I am trying to count reads using HT-Seq. In my gtf file, there are 60603 genes when I use the gene_id option I get all the genes in the count file with reads, but when I use the gene_name option I get only 59055 genes reads in the count file. Please look into this. Thank you
Generally a gene ID will uniquely map to only one gene name, but a gene name can map to multiple gene IDs. You can also have genes that have only a gene ID and no gene name. Both of these means there are generally less gene names than gene IDs in a GTF/annotation file.
Here's an example from the ensembl v110 human GTF file.
curl -O 'https://ftp.ensembl.org/pub/release-110/gtf/homo_sapiens/Homo_sapiens.GRCh38.110.chr.gtf.gz'
# The number of unique gene names.
gzip -dc Homo_sapiens.GRCh38.110.chr.gtf.gz | grep -o 'gene_name \"[^\"]*\"' | sort -u | wc -l
40871
# The number of unique gene IDs.
gzip -dc Homo_sapiens.GRCh38.110.chr.gtf.gz | grep -o 'gene_id \"[^\"]*\"' | sort -u | wc -l
62700
I usually keep them as gene IDs until some visualization or analysis requires a gene name. When this occurs I will either: 1) discard genes without a gene name, or 2) use the gene name unless the gene name is missing or there are more than one gene IDs mapping to the same gene name, in which case I will use the gene ID instead.

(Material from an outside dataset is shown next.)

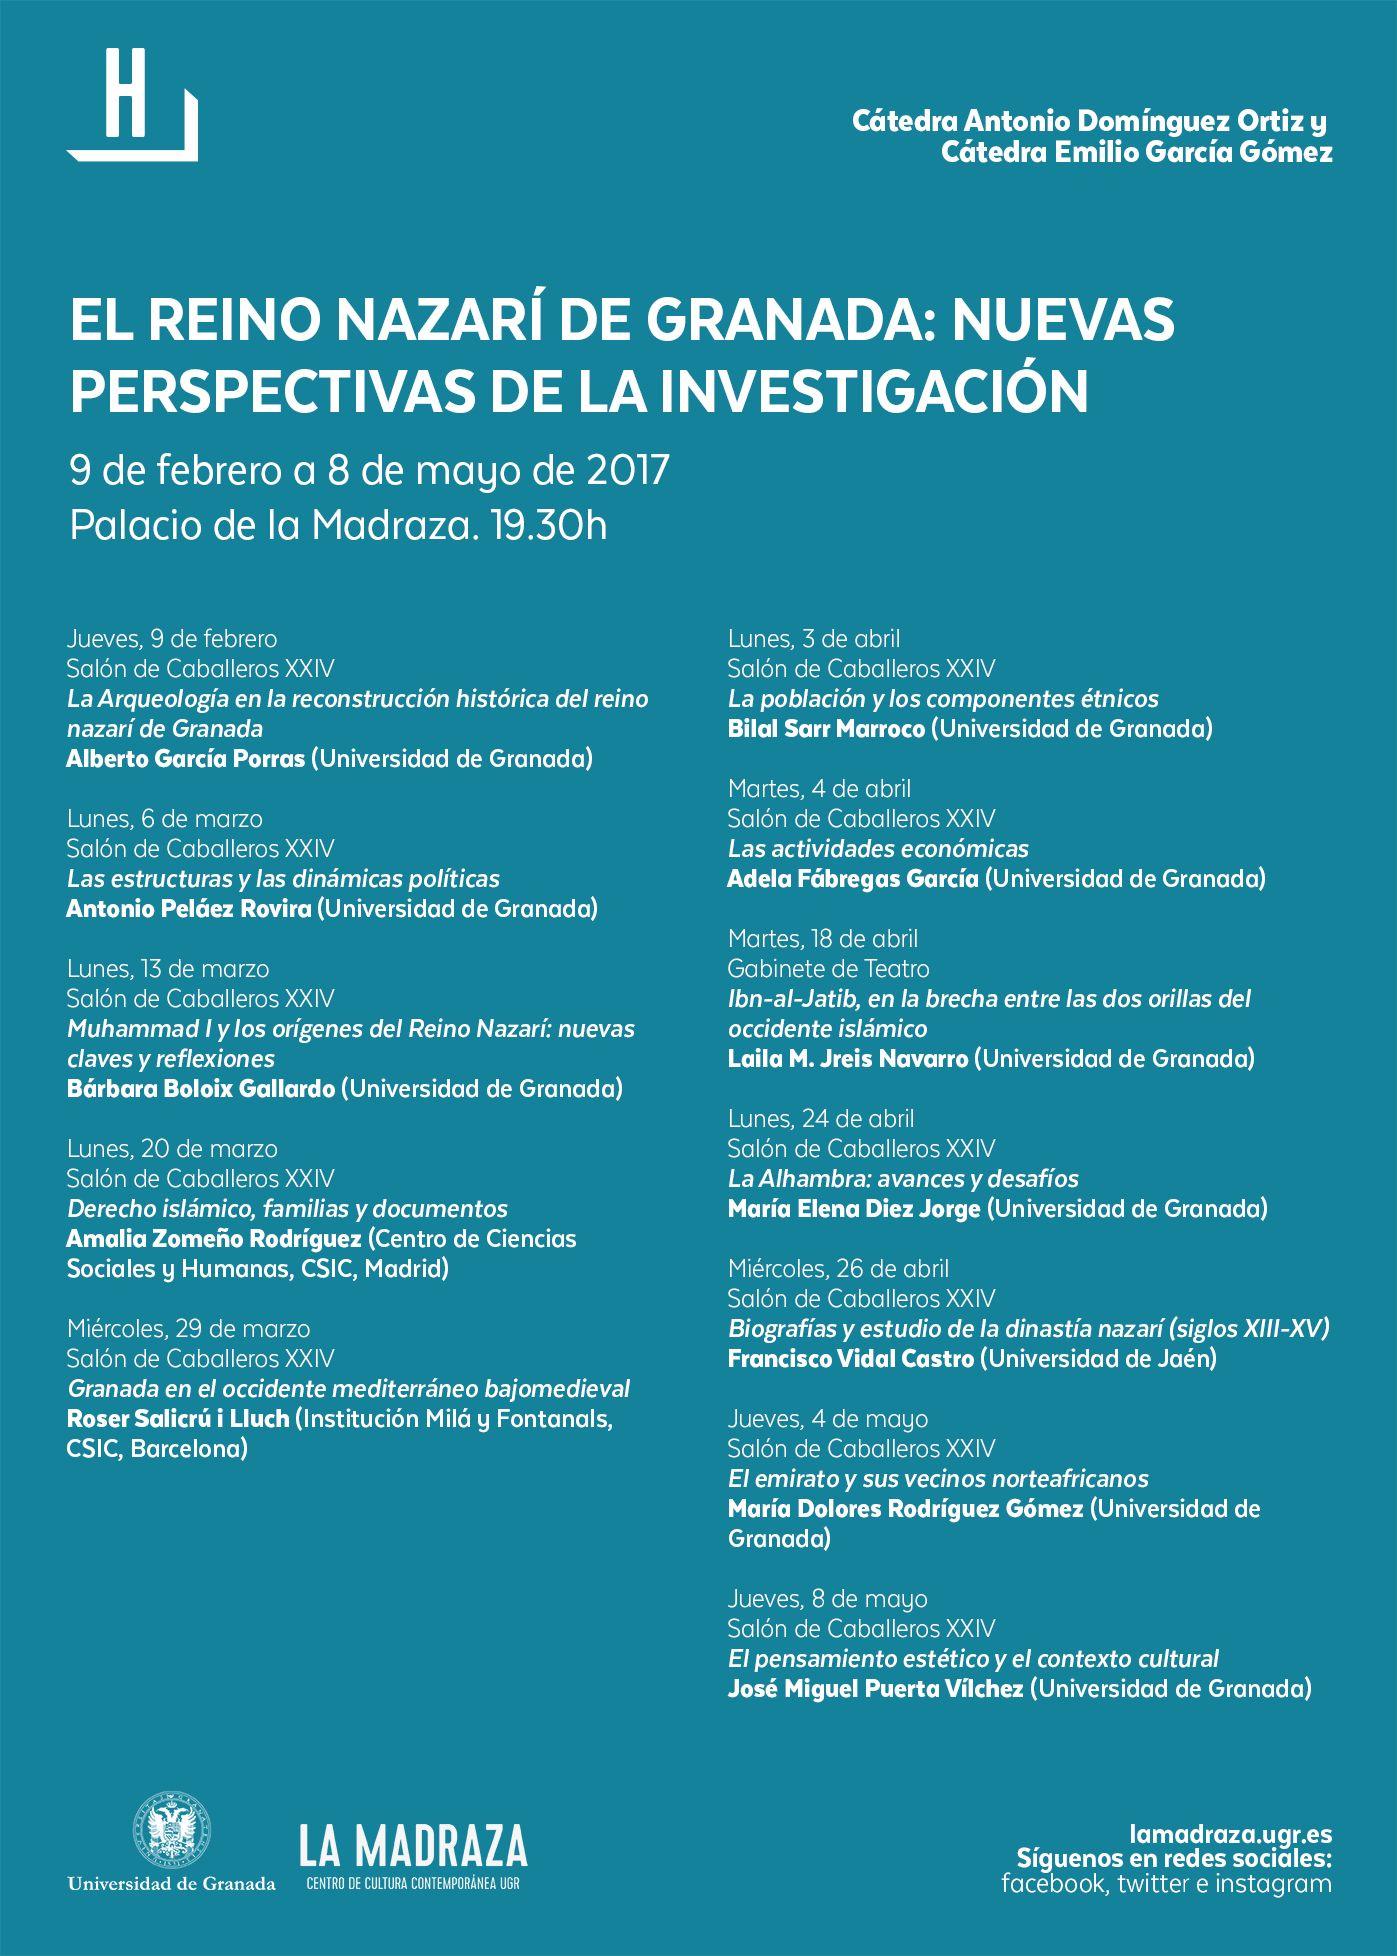 Del 9/2/17 al 8/5/17 tendrán lugar, en #LaMadraza , una serie de ...
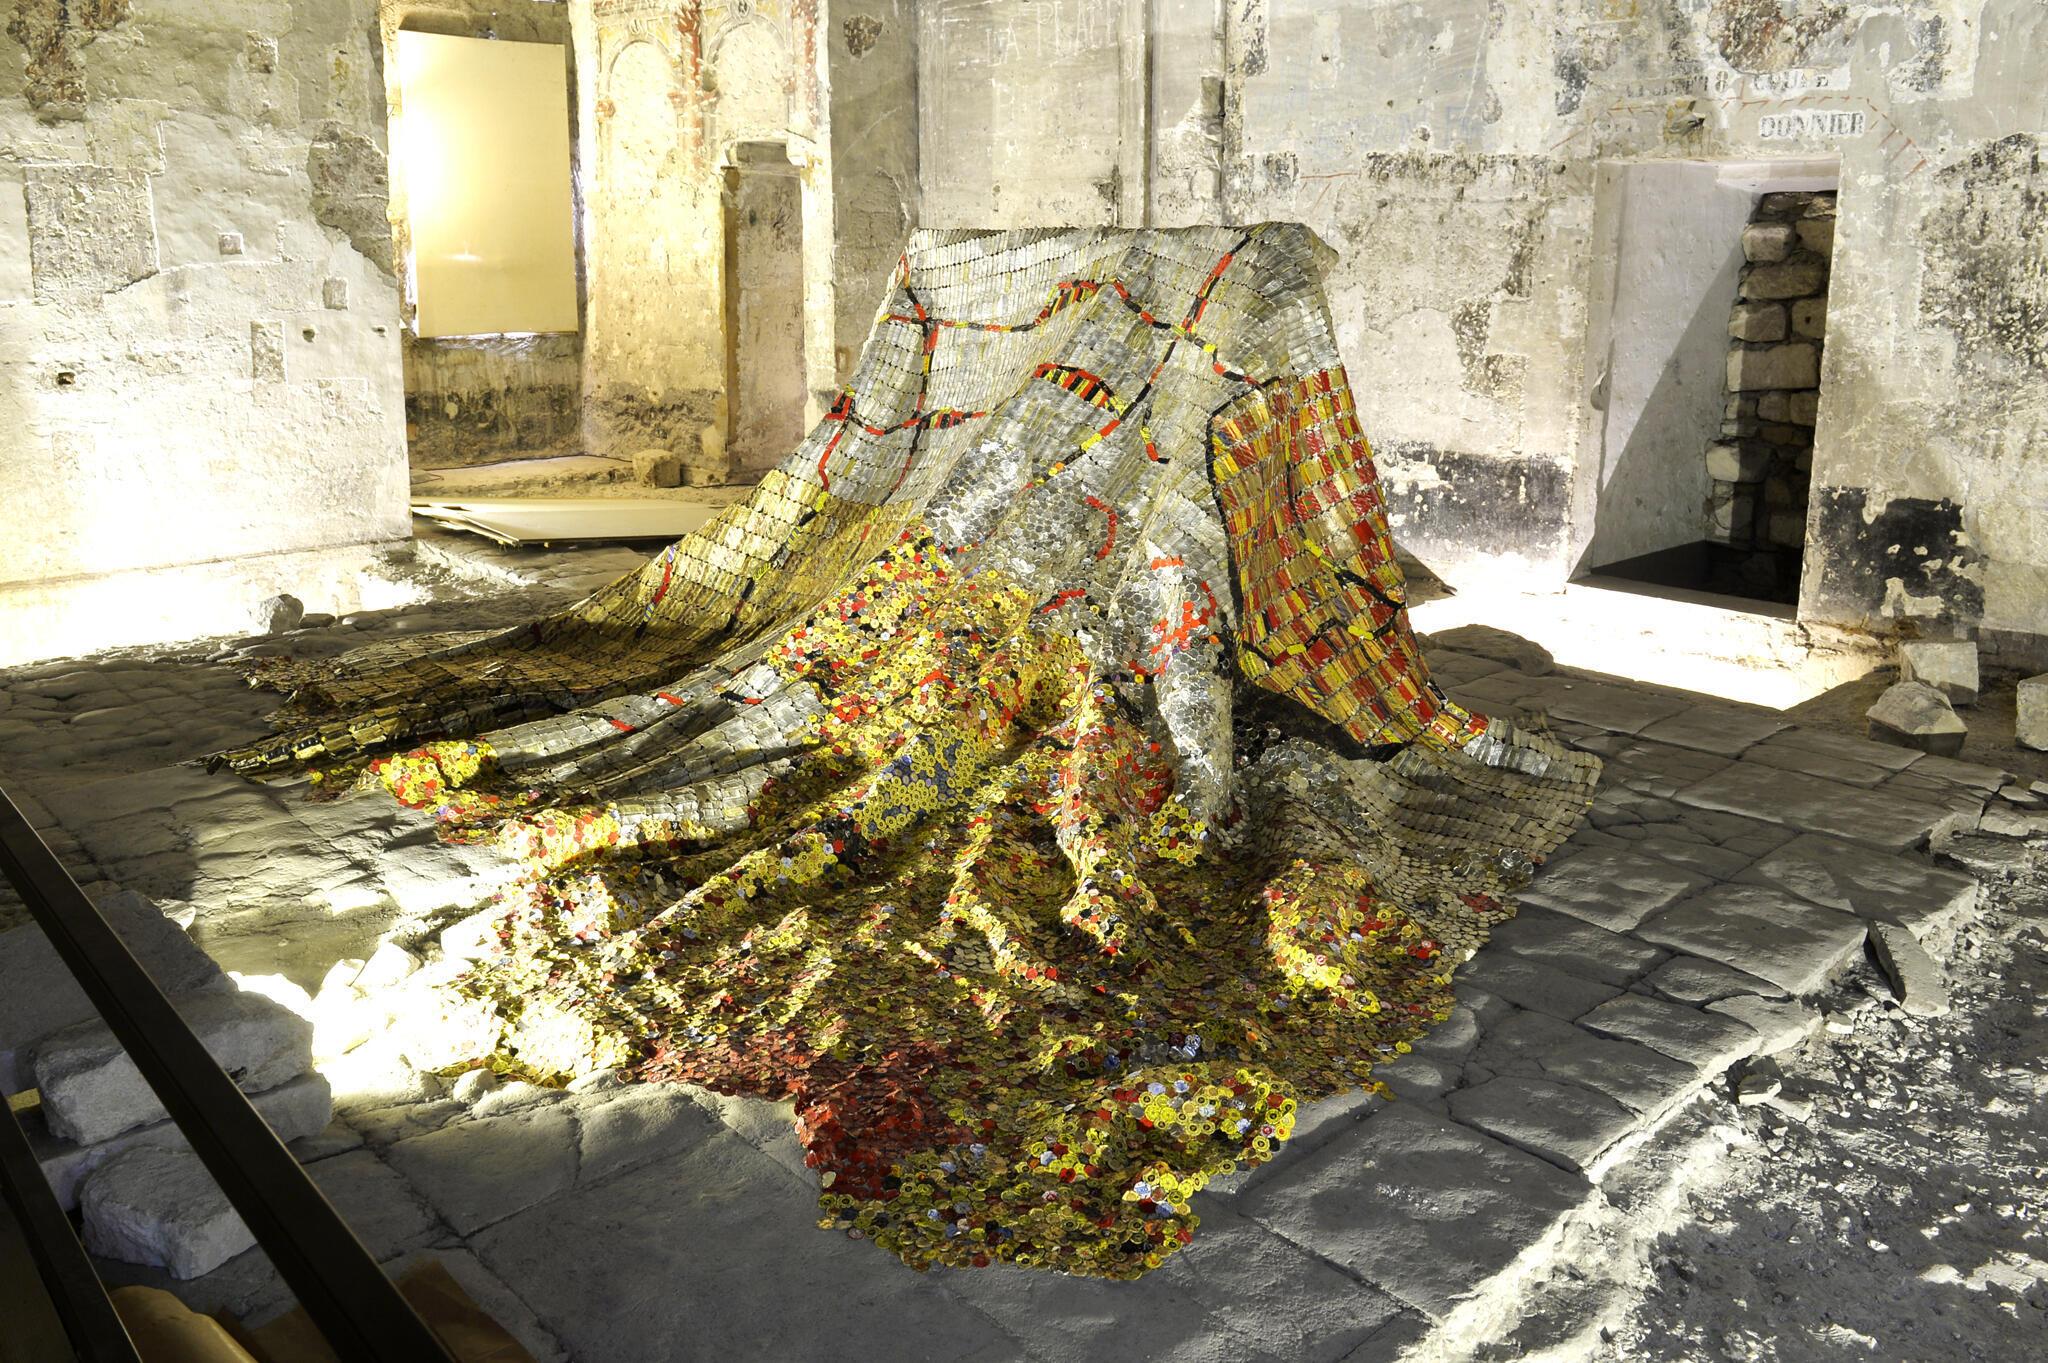 Une installation d'El Anatsui exposée à l'intérieur du Palais des Papes à Avignon.

what should be the correct way as mapping to gene ID will require to change it to gene name?
I usually keep them as gene IDs until some visualization or analysis requires a gene name. When this occurs I will either: 1) discard genes without a gene name, or 2) use the gene name unless the gene name is missing or there are more than one gene IDs mapping to the same gene name, in which case I will use the gene ID instead.
I usually do
geneID_geneName
. If then for visualization I needgeneName
, it is a simplegsub
regex that trims the "_" and everything before it.